Independent Clauses | n. —unusual words about underappreciated music

MP3s: Upbeat Indie-Rock

September 25, 2015

Upbeat Indie-rock

1. “Don’t Go Quietly” – Light Music. Is this indie-rock? Post-rock? Electronica? All of the above? All I know is that this gorgeous track is one of my favorite songs of the year.

2. “Our Little Machine” – Last Good Tooth. The lyrics here sound straightforward till you read them a second time; the dense, melodic sounds here are similarly deceptive, unveiling their details as you listen repeatedly.

3. “The Closing Door” – LVL UP. Balances Weezer-esque guitar-wall crunch with “aw, shucks,” nose-in-a-book indie-pop for a unique, pleasant tension.

4. “Brother in Arms” – Annabelle’s Curse. The smooth easiness of indie-pop meets the complexity of indie rock while the spectre of alt-country hangs over it all. Taking the best of multiple genres and creating something new is a worthy goal, and Annabelle’s Curse knocks it out of the park here with a great tune.

5. “Modern Language” – Postcards from Jeff. Intertwined flute and guitar open this nearly-seven-minute indie-rock title jam from PfJ’s new record. It’s the sort of arrangement that balances delicate sounds with the drum-forward enthusiasm that makes a great live track.

6. “Answered Prayers” – Terribly Yours. This quirky indie-pop tune includes the fattest bass sounds and thickest groove I’ve heard in the genre this side of Of Montreal’s “Wraith Pinned to the Mist.” The song floats along like a tropical breeze on a vacation where you’re really and truly not worrying about going back to work.

7. “New Colors” – Kennan Moving Company. Sometimes you need that blast of horns in your life, no matter if you’re a soul tune or a pop-rock tune (as this one is).

8. “Glory Days” – 1955. The high-drama indie-rock (equal parts early ’00s Hives, early ’00s Elbow, and Cold War Kids) is perfectly tuned to be in one of those adventure-laden Heineken ads (and their spin-offs–what’s up with those Kohler ads?). In other words, it’s the sort of way-too-cool thing you want to score your life’s soundtrack.

9. “Swings & Waterslides” – Viola Beach. Straddling the line between Hot Chelle Rae’s radio-pop-rock and Tokyo Police Club’s left-field take on the same, this tune pushes all the right buttons.

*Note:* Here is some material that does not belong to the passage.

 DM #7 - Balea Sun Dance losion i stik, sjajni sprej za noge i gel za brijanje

10. “Porch” – Long Beard. All emo-inflected indie-rock bands want to sound effortlessly nostalgic, but few of them hit the mix of guitar tone, vocal reverb, walking-speed energy, and gentle melodicism.

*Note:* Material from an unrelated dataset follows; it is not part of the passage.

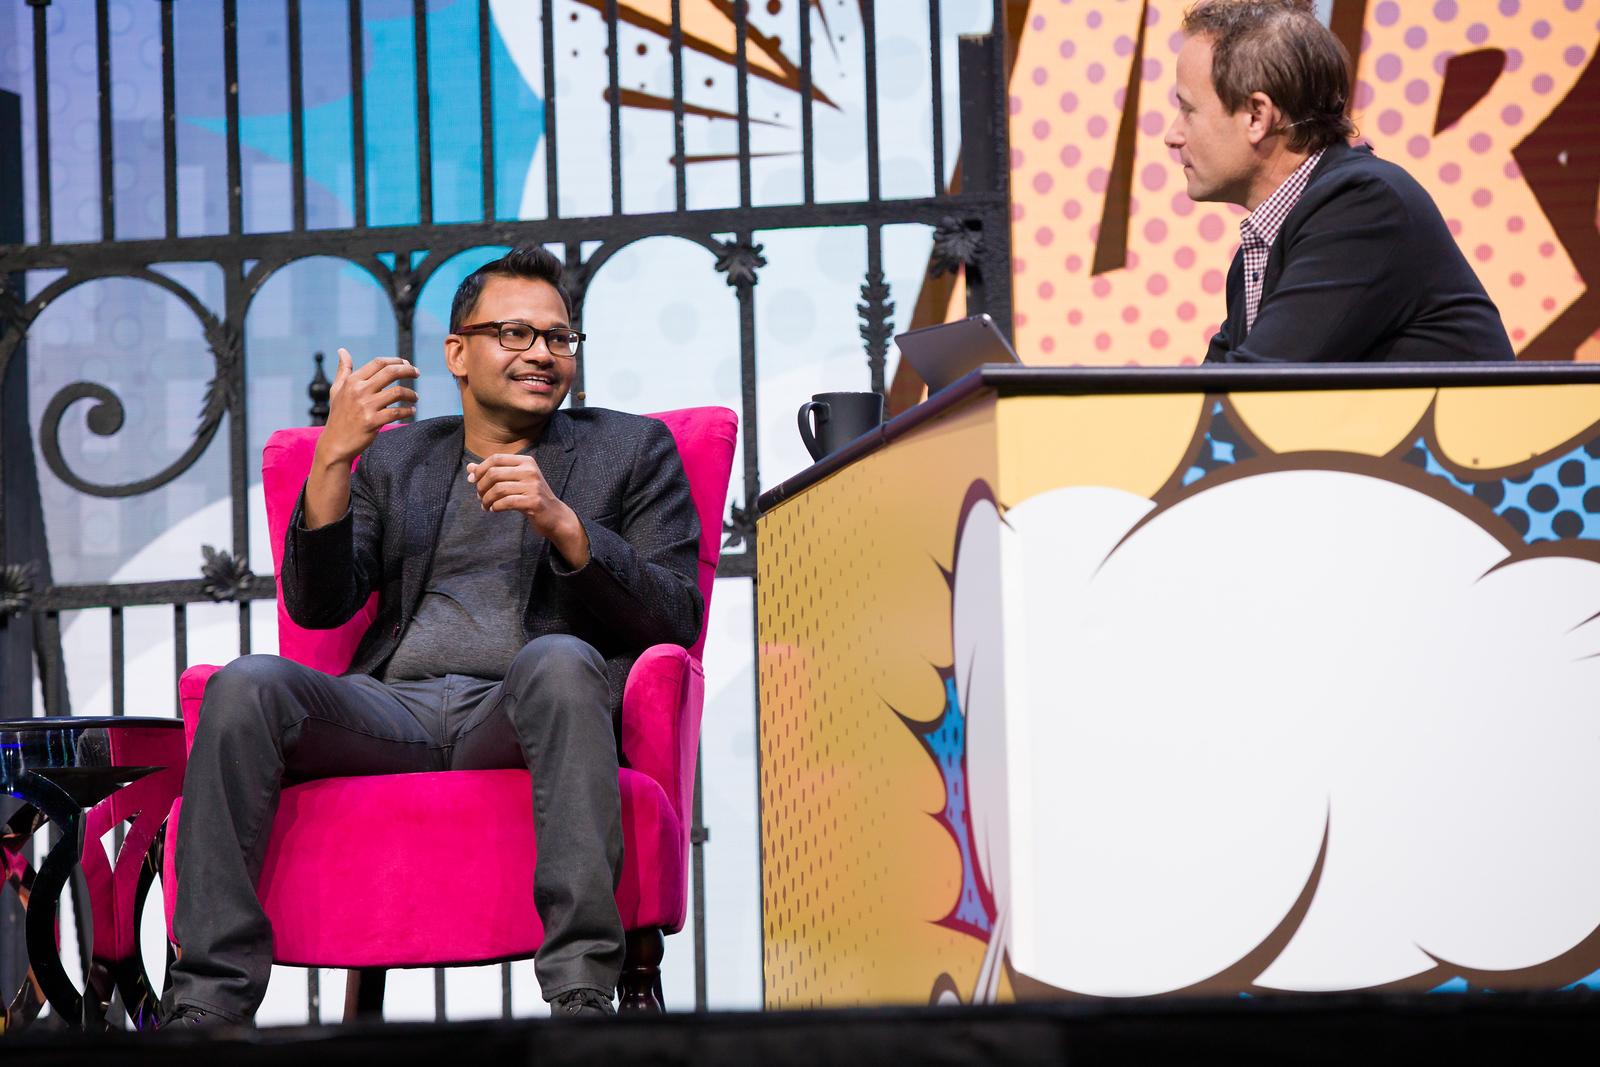 The AppDynamics Story: From Idea to $3.7B...The Journey Continues Jyoti Bansal FOUNDER & CHAIRMAN / APPDYNAMICS Jason Lemkin FOUNDER / SAASTR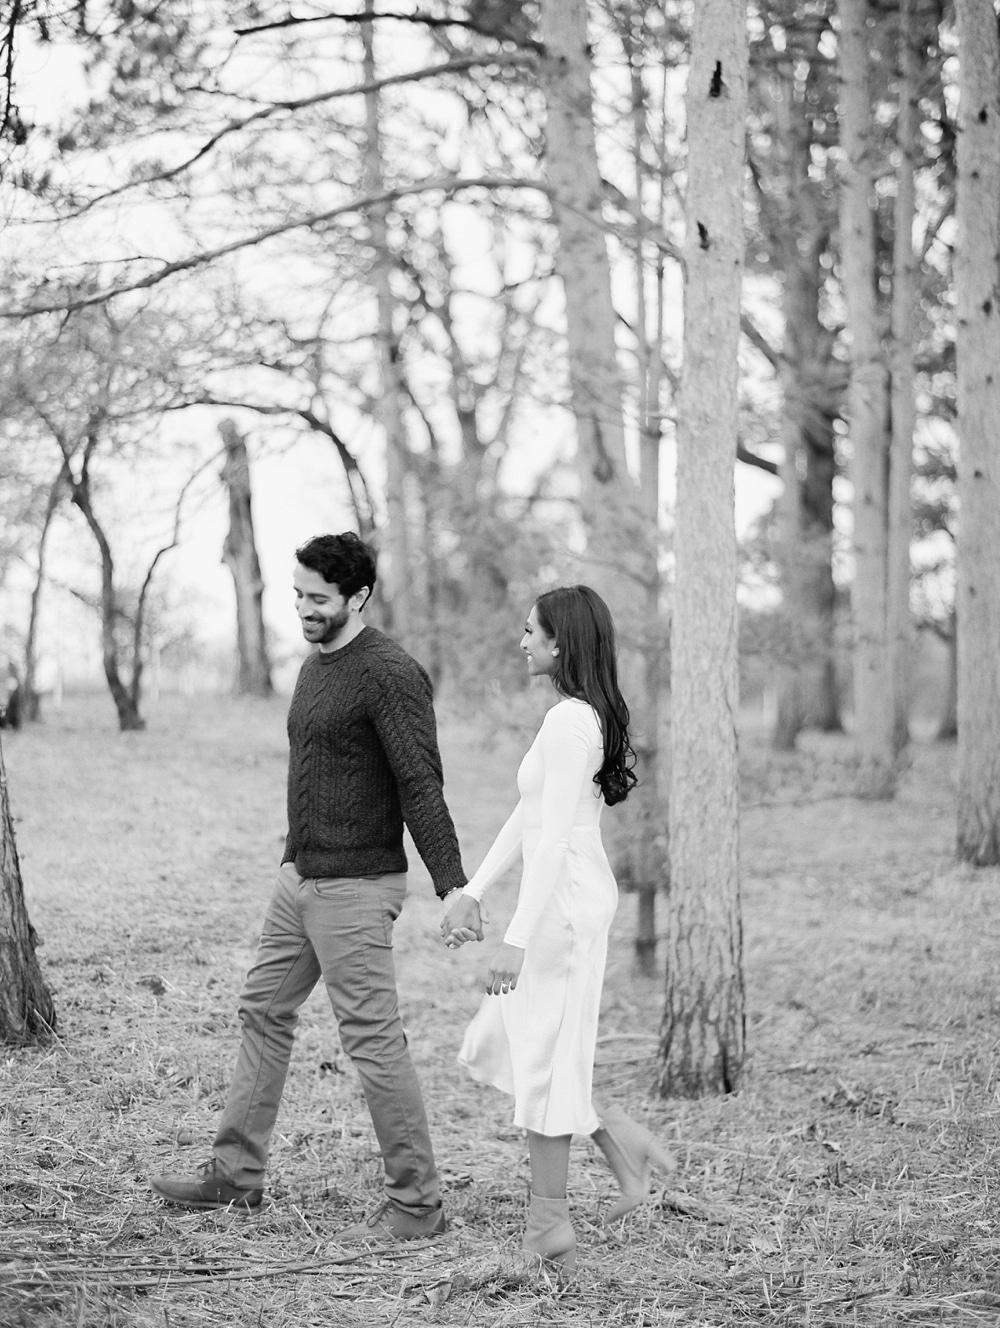 Kristin-La-Voie-Photography-morton-arboretum-chicago-wedding-photographer-73

11. “Mamma’s Gotta Secret” – Them Vibes. Rootsy rock with enough ’70s vibes to keep things unusual.

12. “New Vibration” – ALL WALLS. Grumbling guitar distortion and a chiming guitar riff collide with falsetto “oohs” to make a funky/poppy/fun track that would make Prince jealous.

13. “Rock N Roll Disco” – James Soundpost. Do you need a primer in how to write timeless pop-rock music? If so, listen to this tune and learn how to write a no-nonsense guitar line, sing a catchy hook, and rip off a guitar solo. Rad.

Mid-Year pt 1

June 27, 2014

It’s the middle of the year! Independent Clauses always gets more music than it knows what to do with, so mid-year and end-of-year are a good time to clean out the files and point out all the amazing things that I missed the first time around. So here goes three days of that! These singles could have been released yesterday or months ago; these and the following posts are not time-sensitive whatsoever.

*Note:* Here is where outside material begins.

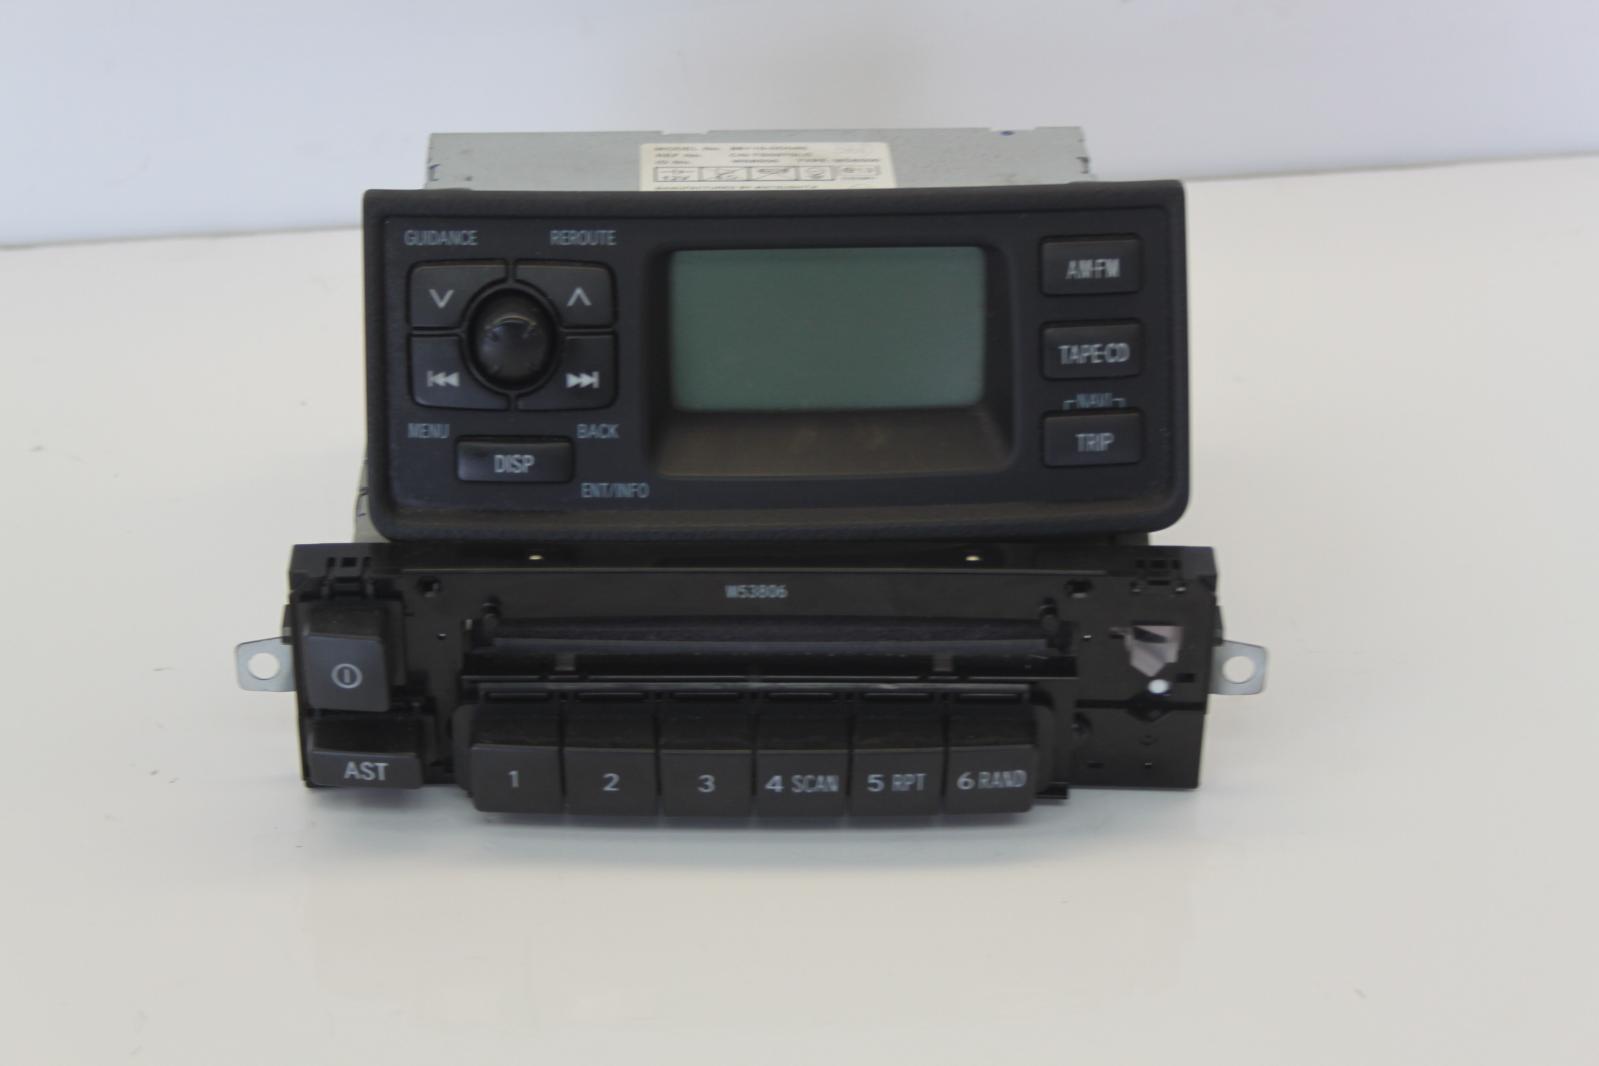 Toyota Yaris Stereo Wiring Diagram

Mid-year, pt. 1: Rock, etc.

1. “A Place Called Space” – The Juan Maclean. LCD Soundsystem is gone, but The Juan Maclean is still around to fill that rubbery, propulsive dance tune-shaped space in our hearts. THE JUAN MACLEAN FOREVER.

2. “Mama Gold” – North by North. Pounding, fuzzy guitar, yelping vocals, heavy low end? Welcome to rock’n’roll, people.

3. “Blood::Muscles::Bones” – Street Eaters. This punk band is composed entirely of distorted bass guitar, drums, female vocals, and male vocals. THIS IS ALL YOU NEED TO KNOW.

4. “Everybody Pretends” – Ostrich Run. A high-drama violin riff kicks off this dark indie-rock tune. The vocals keep me going the rest of the way.

5. “Serious Things Are Stupid” – Cayetana. The rise of Cayetana in the punk scene has been fun to watch, as innate songwriters start to match the talent with the ability. Impressive tune here.

6. “Dirty Roofs” – Edmonton. Do you like The Offspring? You’ll love Edmonton, which sounds similar, but with a heart that The Offspring haven’t had for a while (/ever).

7. “You’re Cold” – The Black Tibetans. Stuff that Dan Auerbach (The Black Keys) produces is starting to be as distinctive as Stuff Steve Albini or Jack White does: rifftastic, slightly scuzzy, classic-rock-inspired blues heaviness with melodies galore. The Black Tibetans deliver on that promise.

8. “Every Night, Every Day” – The Sheens. Sometimes it doesn’t have to be complicated. Sometimes it just sounds right. Here we have female-fronted rock with punk and new wave-y overtones, and it’s just a ton of fun.

9. “Hi-Lo” – North Elementary. Check that opening riff on this power-pop tune. The vocals and arrangement have some Arcade Fire vibes thrown in for good measure.

10. “Pack of Cards” – Wood Ear. Straightforward rock’n’roll, Glossary-style, doesn’t get enough love here on Independent Clauses. Wood Ear throws down some organ-laden rock that just feels right.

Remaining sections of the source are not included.